To do: Retype the lines below exactly, from the one that contains "Inhibere det er" through the last, and leave every picture out.
*** Opening Recorded data ***
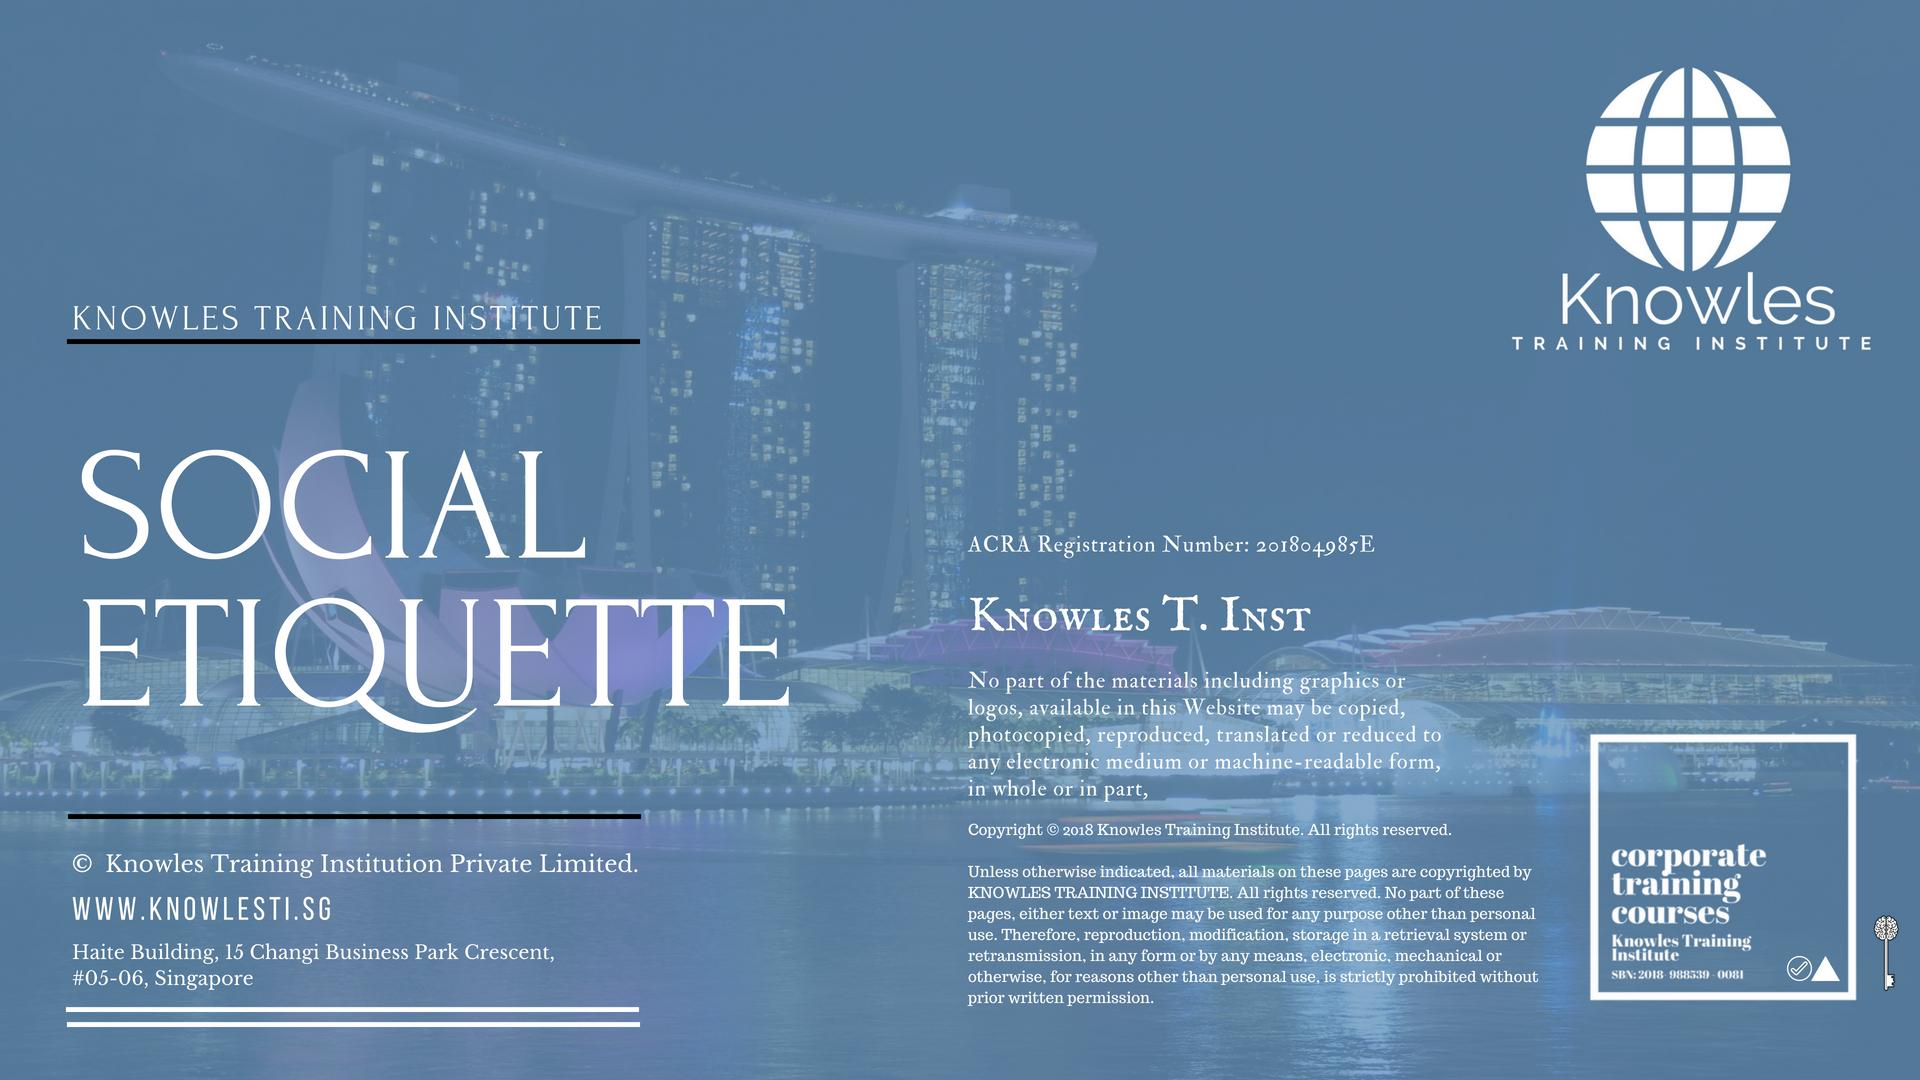 Social Etiquette Course In Singapore
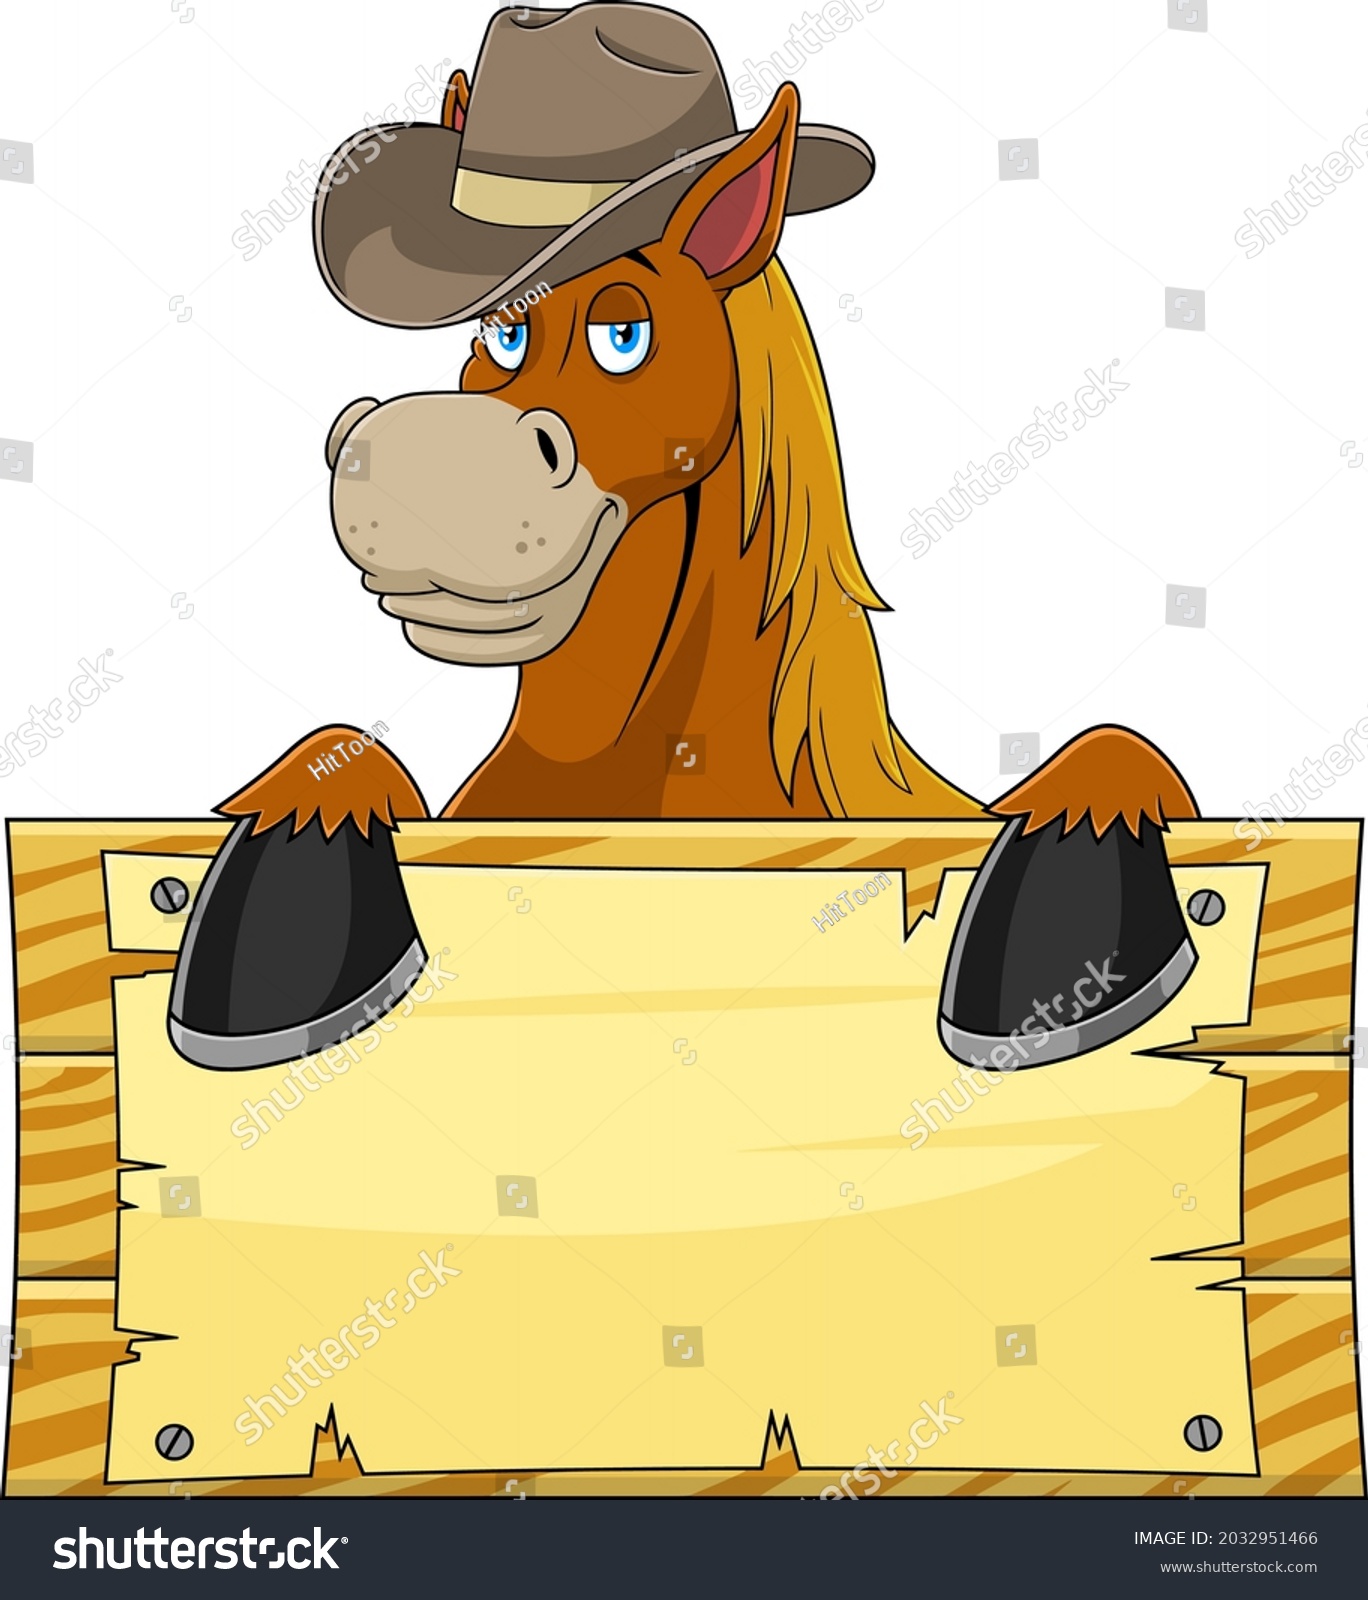 Inhibere det er alt skam Horse Cartoon Mascot Character Cowboy Hat Stock-vektor (royaltyfri)  2032951466
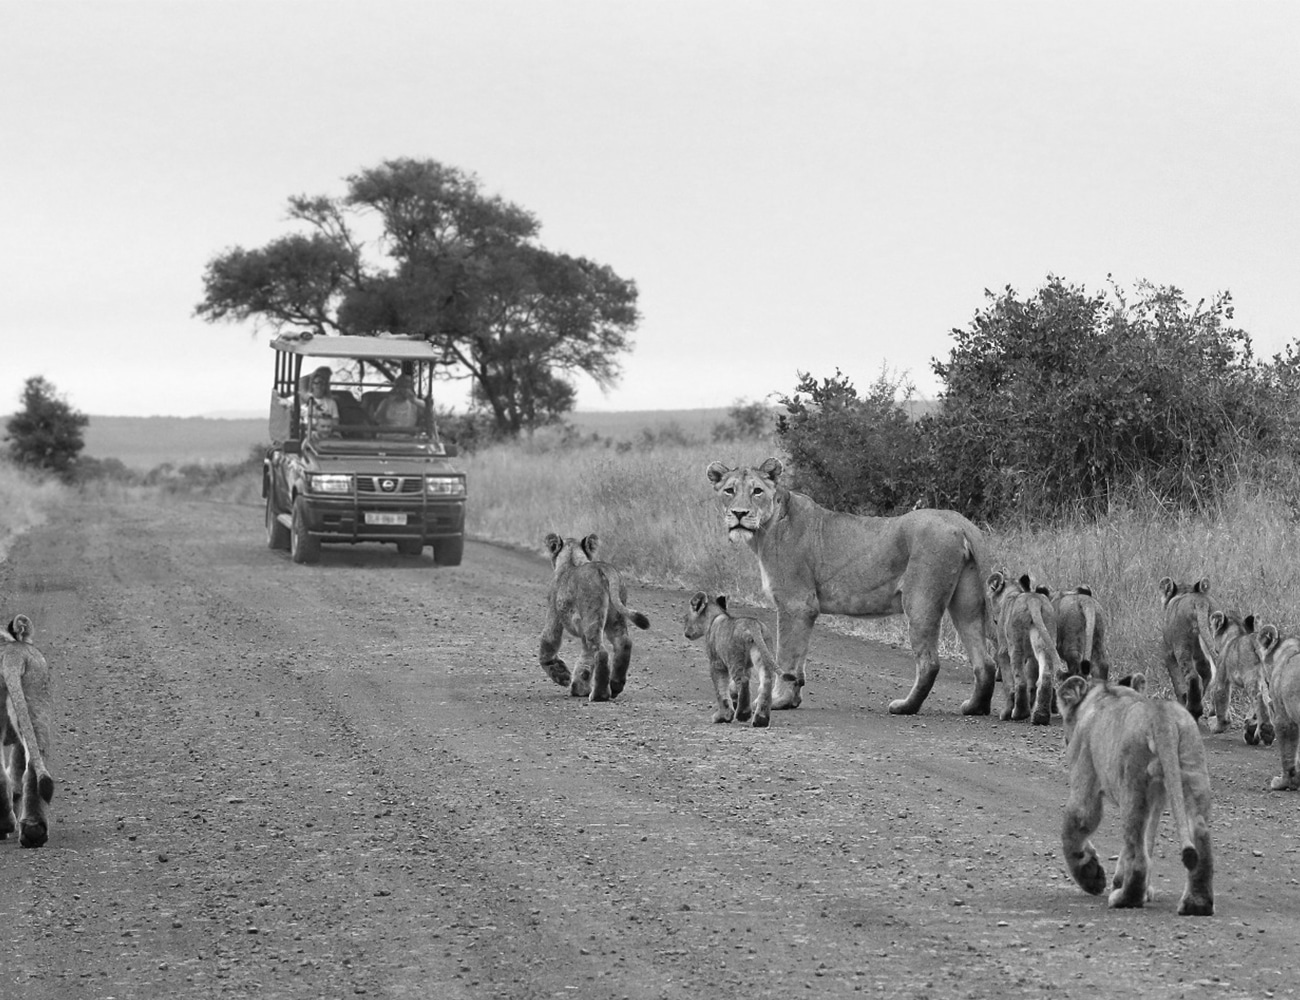 Lions at Kruger National Park South Africa
*** Closing Recorded data ***
Response for this exercise:
 Inhibere det er alt skam Horse Cartoon Mascot Character Cowboy Hat Stock-vektor (royaltyfri)  2032951466
 Lions at Kruger National Park South Africa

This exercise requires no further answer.